A common solution to this problem is to use the set of related phrases. The intuition is that two different meanings would have different sets of related phrases. For instance, here you can see the related phrases of two meanings of “Angels”.
We define how skill phrases are related using a Jaccard Similarity on LinkedIn profile.
The other important issue with folksonomies is duplicates. I’ve listed here a few of the common patters: acronyms, abbreviations, synonyms and typos. There are some data mining techniques to help cluster those phrases together but we started with something even simpler than that. During a small scale experiment, we observed that a majority of skill phrases could be tied to a Wikipedia page. We then built a Mturk task which asked turkers to find the Wikipedia page associated with a phrase.
Finally, phrases that mapped to the same Wikipedia page were grouped together and the most frequent phrases was chosen as the label.
Once we had a good skills master list, it was released and members were allowed to add skills on their profile, using a typeahead. Our goal though was to maximize the number of members with skills on LinkedIn so we looked for ways to suggest profile edits and designed a prompt that we named “suggested skills”. The user would be prompted whether they have these skills or not.
This problem is quite similar to the discovery of latent attributes in profiles. In other words, you are inferring the attributes of an incomplete profile using the rest of the profile, or any other information available.

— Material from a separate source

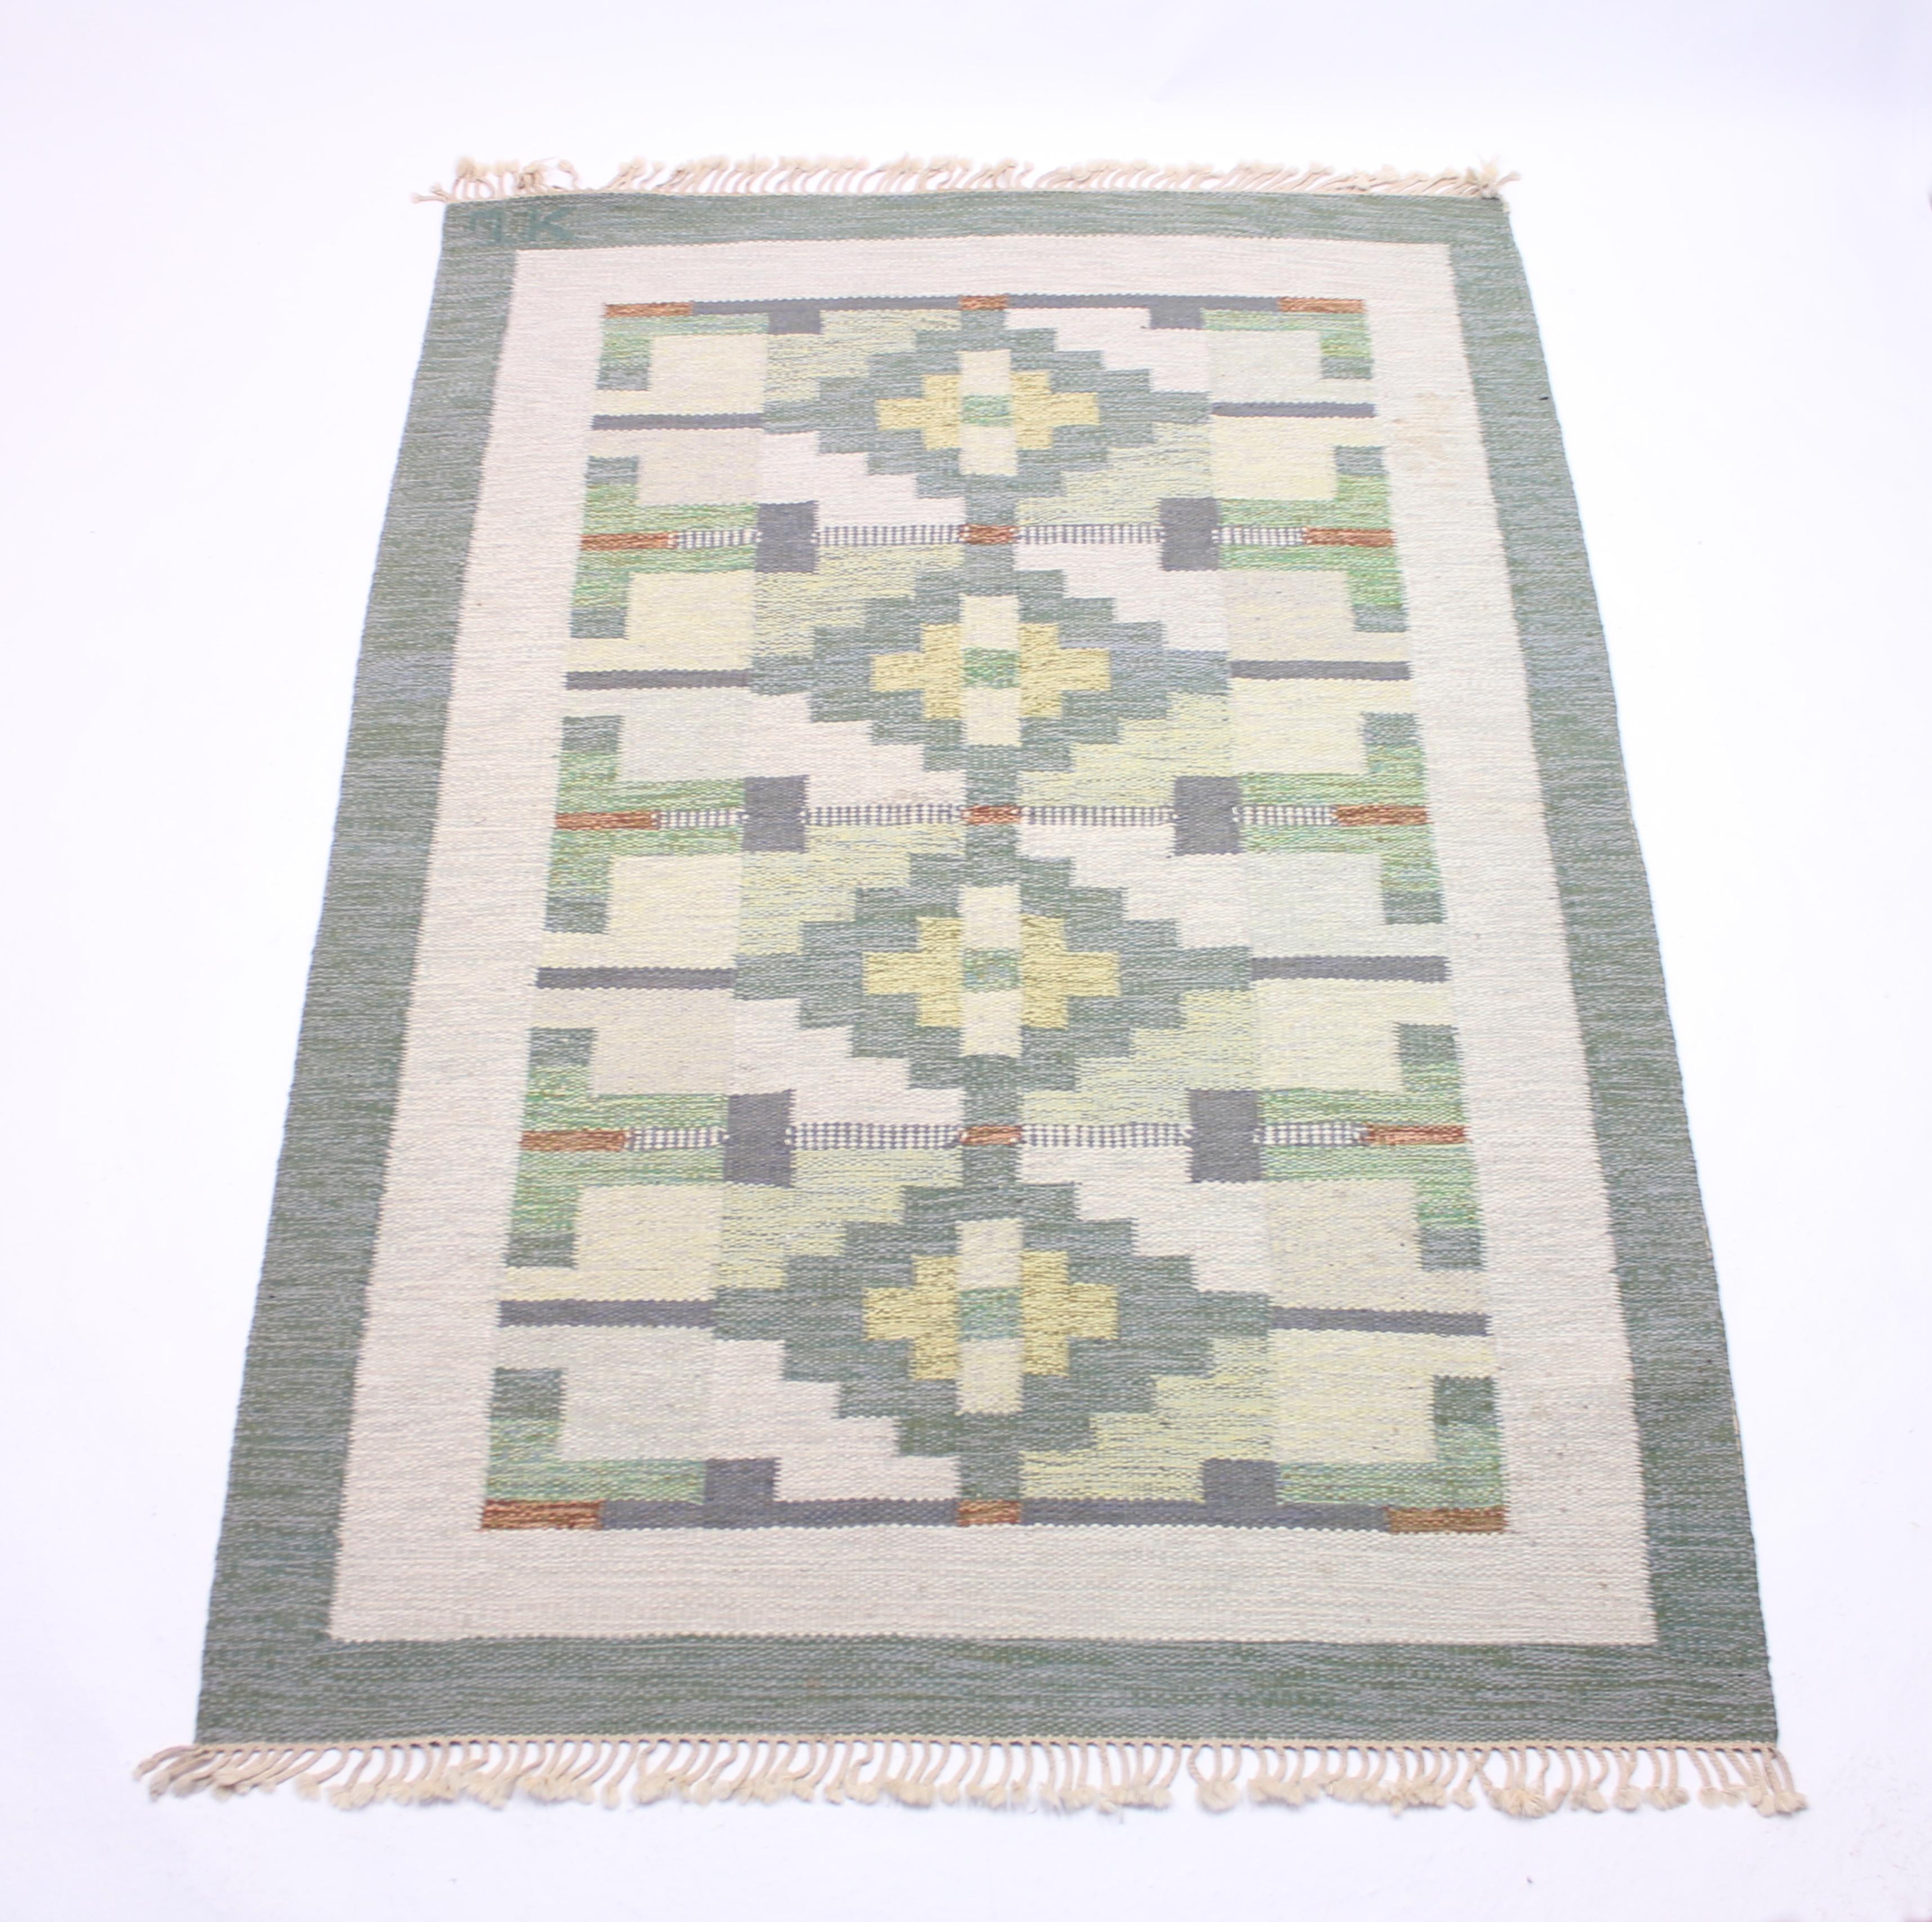 Swedish flat weave Röllakan carpet from the 1950s by unknown designer. Main colours are green and white with a dose of grey. Newly cleaned by a professional carpet cleaning company. Very good vintage condition with minimal ware consistent with age
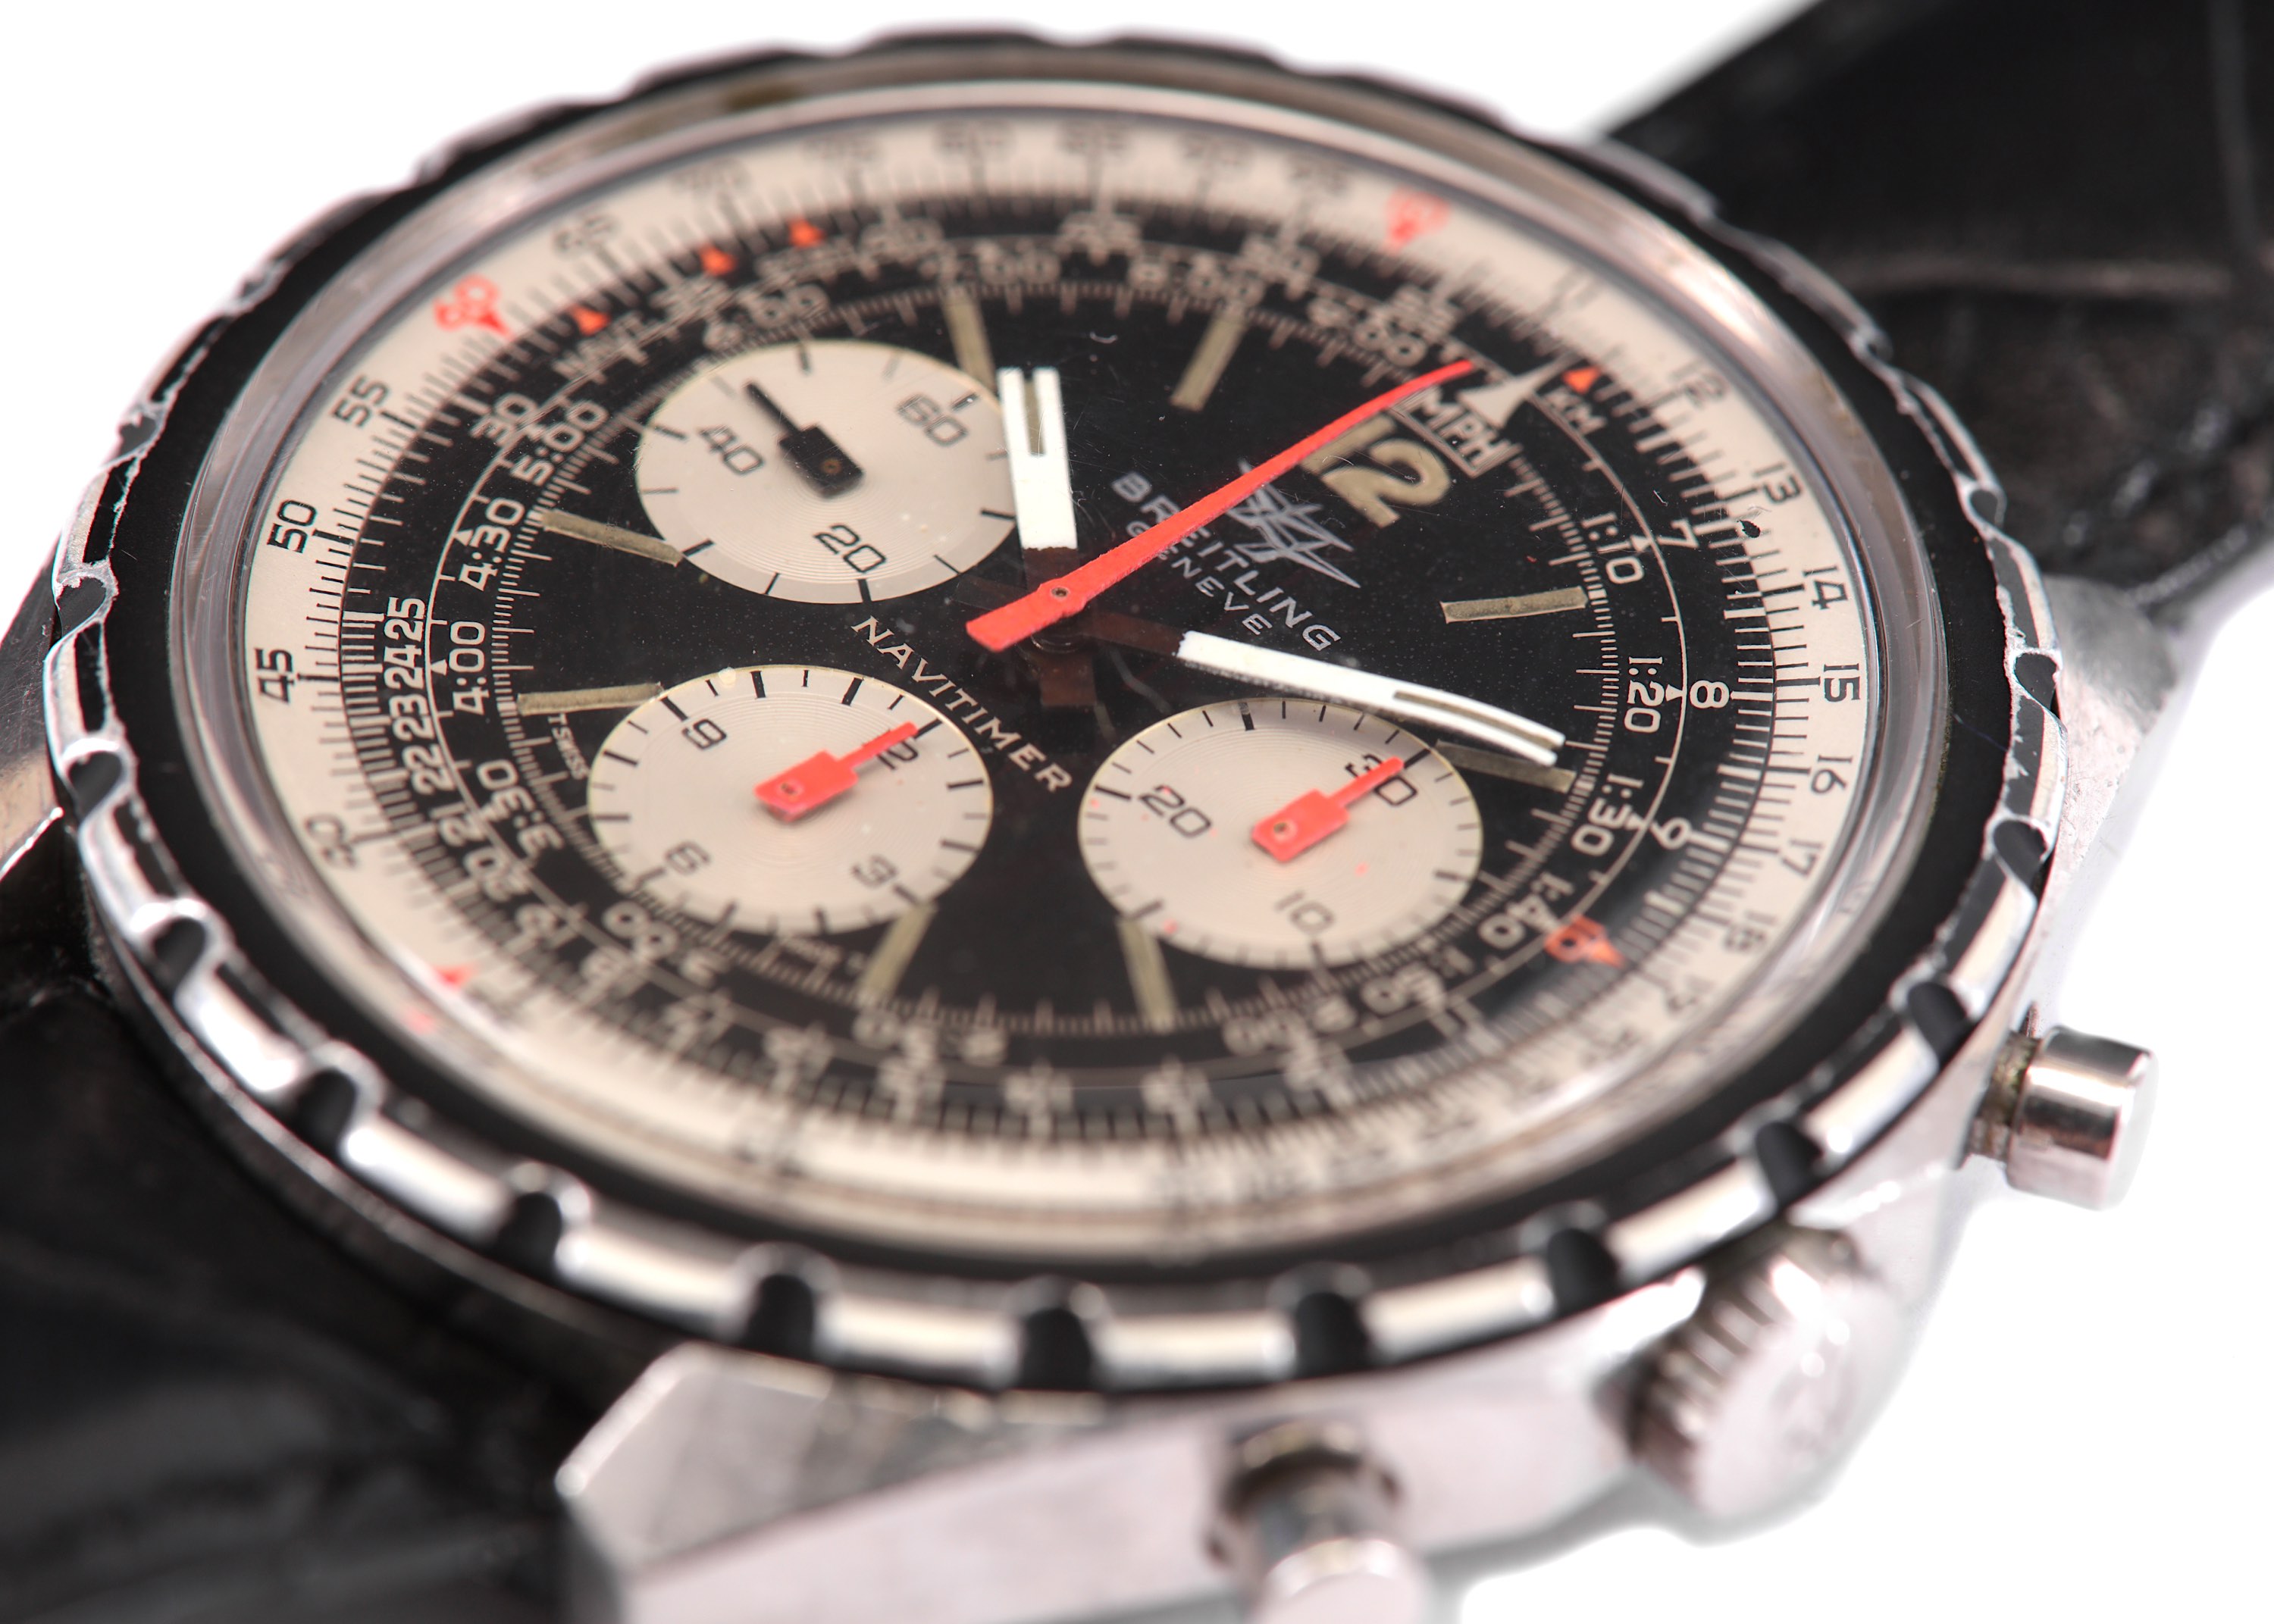 BREITLING. A OVERSIZED STAINLESS STEEL MANUAL WIND CHRONOGRAPH WRISTWATCH. Date: Circa 1967. - Image 5 of 6

Our goal was to have recommendations even if the user had no skills on his profile so the algorithm would have to be based on something else than previously added skills. Just recommending popular skills wouldn’t be very relevant either. Using the member’s network is a good idea but some members have small networks and our goal was to maximize coverage. Finally, we looked at using standardized profile attributes to bootstrap our inference algorithm
Each profile is composed of text but also of standardized entities such as title, function, industry, field of study etc. The coverage between these various attributes vary. Some are very frequent such as industry and some are more rare (e.g. group membership). We identified all attributes that could be predictive in terms of skills.
Our goal was then to model this problem and find a classification method to infer the likelihood a member has a skill. The number of features was quite large and needed a system that would easily scale. As mentioned, we don’t have a unique user similarity metric but instead a list of different profile attributes that, when shared can predict the likelihood of skills. Each member can have a different set of attributes. Some users have only an industry, others have multiple companies, multiple titles etc.